How Do You Cure Melasma

September 2, 2010

Melasma, also usually called chloasma, is a hyperpigmentation of the skin making the skin’s color uneven. When melasma appears when a woman is pregnant, it is called chloasma. It shows as a dark-colored blotch, usually brown with irregular borders. It is located on the face most commonly on the cheeks, chin, forehead, nose and lips. But this is the only problem in having melasma – the repulsive patch – and not tenderness, itching or propensity to develop into cancer. Gender-wise, women are more affected most especially those that are gestating or are drinking medications either for birth control or replacing hormones after menopause.

Melasma develops gradually. According to studies, its exact cause cannot be pinpointed but they consider the following as its various possible causes. Of the feasible causes of melasma, the most critical and the most popular is the superfluous generation of the pigment melanin triggered by the skin’s prolonged exposure to ultraviolet radiation. Another is the overproduction of melanin caused by the hormones estrogen and progesterone during pregnancy or when one is using contraceptives or hormonal replacement drugs containing these hormones. There is also strong evidence that genetics plays a role in melasma’s development. Another cause worth telling is a thyroid gland abnormality resulting to overproduction of the hormones and the eventual rousing of the cells responsible for the manufacture of melanin.

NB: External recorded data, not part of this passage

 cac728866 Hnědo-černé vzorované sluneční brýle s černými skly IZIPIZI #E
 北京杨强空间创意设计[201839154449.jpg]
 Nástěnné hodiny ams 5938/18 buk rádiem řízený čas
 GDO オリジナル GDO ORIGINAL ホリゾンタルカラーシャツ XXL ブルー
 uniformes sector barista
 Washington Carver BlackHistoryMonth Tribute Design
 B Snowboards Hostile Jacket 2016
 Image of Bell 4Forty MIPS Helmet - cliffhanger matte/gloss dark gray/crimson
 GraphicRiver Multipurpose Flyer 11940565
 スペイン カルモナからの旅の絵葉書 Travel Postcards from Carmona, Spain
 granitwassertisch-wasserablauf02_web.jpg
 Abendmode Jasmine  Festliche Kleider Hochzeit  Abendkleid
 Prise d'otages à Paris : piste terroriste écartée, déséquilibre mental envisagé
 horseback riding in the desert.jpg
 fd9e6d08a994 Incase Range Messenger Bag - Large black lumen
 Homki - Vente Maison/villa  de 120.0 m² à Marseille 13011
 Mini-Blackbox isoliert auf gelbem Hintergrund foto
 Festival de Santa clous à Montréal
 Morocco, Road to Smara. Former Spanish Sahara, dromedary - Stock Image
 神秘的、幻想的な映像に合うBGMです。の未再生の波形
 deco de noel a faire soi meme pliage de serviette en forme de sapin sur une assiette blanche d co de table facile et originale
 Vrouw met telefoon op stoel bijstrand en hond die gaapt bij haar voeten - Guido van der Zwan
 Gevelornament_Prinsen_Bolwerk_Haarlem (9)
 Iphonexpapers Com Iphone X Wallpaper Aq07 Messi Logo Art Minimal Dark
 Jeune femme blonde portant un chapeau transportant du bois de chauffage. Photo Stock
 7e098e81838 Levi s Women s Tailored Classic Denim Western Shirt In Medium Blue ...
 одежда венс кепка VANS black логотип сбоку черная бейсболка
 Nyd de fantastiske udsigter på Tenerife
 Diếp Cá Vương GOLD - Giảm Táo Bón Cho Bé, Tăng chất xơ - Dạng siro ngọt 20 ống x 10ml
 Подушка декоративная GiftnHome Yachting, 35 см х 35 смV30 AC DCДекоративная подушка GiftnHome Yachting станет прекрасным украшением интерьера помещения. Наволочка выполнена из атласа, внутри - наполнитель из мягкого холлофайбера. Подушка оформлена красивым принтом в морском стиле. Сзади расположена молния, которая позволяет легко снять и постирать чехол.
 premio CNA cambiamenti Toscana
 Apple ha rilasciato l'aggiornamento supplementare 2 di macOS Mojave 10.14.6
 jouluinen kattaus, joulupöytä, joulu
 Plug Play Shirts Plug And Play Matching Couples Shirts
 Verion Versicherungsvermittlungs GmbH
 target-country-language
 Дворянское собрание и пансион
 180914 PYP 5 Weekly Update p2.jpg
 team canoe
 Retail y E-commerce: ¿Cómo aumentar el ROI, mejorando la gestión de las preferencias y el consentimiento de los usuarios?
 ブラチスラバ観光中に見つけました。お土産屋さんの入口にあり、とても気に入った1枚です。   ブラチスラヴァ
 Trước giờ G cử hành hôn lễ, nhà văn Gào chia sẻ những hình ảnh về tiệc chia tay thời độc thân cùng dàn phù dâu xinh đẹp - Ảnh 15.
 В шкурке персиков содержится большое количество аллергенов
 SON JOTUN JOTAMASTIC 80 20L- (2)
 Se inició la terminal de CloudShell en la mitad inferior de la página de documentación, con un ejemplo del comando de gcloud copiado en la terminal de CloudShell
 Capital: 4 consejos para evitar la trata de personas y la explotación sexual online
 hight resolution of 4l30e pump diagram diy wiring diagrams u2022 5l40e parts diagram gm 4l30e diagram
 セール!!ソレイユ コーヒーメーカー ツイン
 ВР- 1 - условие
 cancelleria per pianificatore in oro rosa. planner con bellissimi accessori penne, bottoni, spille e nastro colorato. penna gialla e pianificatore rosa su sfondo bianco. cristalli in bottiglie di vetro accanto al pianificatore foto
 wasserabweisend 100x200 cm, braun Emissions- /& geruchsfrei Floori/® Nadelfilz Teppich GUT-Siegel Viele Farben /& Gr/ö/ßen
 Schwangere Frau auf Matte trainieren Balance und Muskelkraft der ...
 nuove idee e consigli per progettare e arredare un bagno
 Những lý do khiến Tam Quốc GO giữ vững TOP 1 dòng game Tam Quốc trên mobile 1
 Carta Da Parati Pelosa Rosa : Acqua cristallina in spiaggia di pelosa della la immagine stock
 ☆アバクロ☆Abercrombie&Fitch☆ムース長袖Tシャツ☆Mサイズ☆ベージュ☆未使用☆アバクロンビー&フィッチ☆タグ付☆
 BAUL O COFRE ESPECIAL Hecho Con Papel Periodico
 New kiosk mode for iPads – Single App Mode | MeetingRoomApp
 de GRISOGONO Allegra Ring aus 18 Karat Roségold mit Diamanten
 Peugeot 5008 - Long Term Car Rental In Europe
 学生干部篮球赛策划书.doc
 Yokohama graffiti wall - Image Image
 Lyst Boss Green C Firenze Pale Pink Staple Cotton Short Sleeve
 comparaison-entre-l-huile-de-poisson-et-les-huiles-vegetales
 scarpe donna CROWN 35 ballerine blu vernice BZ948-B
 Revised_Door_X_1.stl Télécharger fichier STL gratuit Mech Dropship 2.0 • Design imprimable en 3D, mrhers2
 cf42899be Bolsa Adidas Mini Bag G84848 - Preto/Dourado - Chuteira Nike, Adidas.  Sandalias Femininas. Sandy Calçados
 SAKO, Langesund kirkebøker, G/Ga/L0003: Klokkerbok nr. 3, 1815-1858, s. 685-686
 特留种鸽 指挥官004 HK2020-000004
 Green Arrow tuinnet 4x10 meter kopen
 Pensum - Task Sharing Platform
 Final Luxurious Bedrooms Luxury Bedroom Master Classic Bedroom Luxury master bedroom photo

If you have melasma, you can now opt to have any of the following recommended treatment options. The first on the list is the application onto the darkened area of topical creams having hydroquinone, tretinoin, or azelaic acid as its components. Hydroquinone works by decreasing melanin production through the inhibition of tyrosinase – the enzyme that produces melanin. Hydroquinone can be availed of in two percent, four percent or greater concentrations. When you decide to use higher concentrations of hydroquinone, be aware that this not only intensifies its effectiveness but it also increases your risks of experiencing the adverse effects. Tretinoin helps remove the discoloration caused by melasma by creating more collagen and by increasing the rate at which keratinocytes are eliminated. However, hydroquinone is still more effective than tretinoin. As a result, tretinoin comes in combination with hydroquinone. Azelaic acid’s mode of action is the decrease in the normal functioning of the melanocytes and this is considered more effective than the two percent concentration of hydroquinone. But they all equally cause minor skin changes such as irritation, itching and redness. You can also choose to try the use of chemicals to perform mild skin exfoliation. The doctor evaluates if he or she would use a light, medium or deep type of chemical peel. Another type of scaling off the skin is the dermabrasion which uses a vacuum and a handheld scraper instead of chemicals. You can also undergo laser therapy but aside from being a bit threatening, it also is not known for effectiveness. However, most of these treatments, especially the use of chemicals or laser, can possibly lead to complications such as scars, tissue death and further skin pigmentation if not properly used. You must be ready to spend a generous amount of money to be able to have these treatments. Therefore, doctors still prefer topical creams containing hydroquinone despite few reported side effects.

But no matter what treatment you choose, always remember that effects are not achieved overnight. Lastly, to not waste the work being done by the treatment, complete avoidance of the sun is recommended to cure melasma.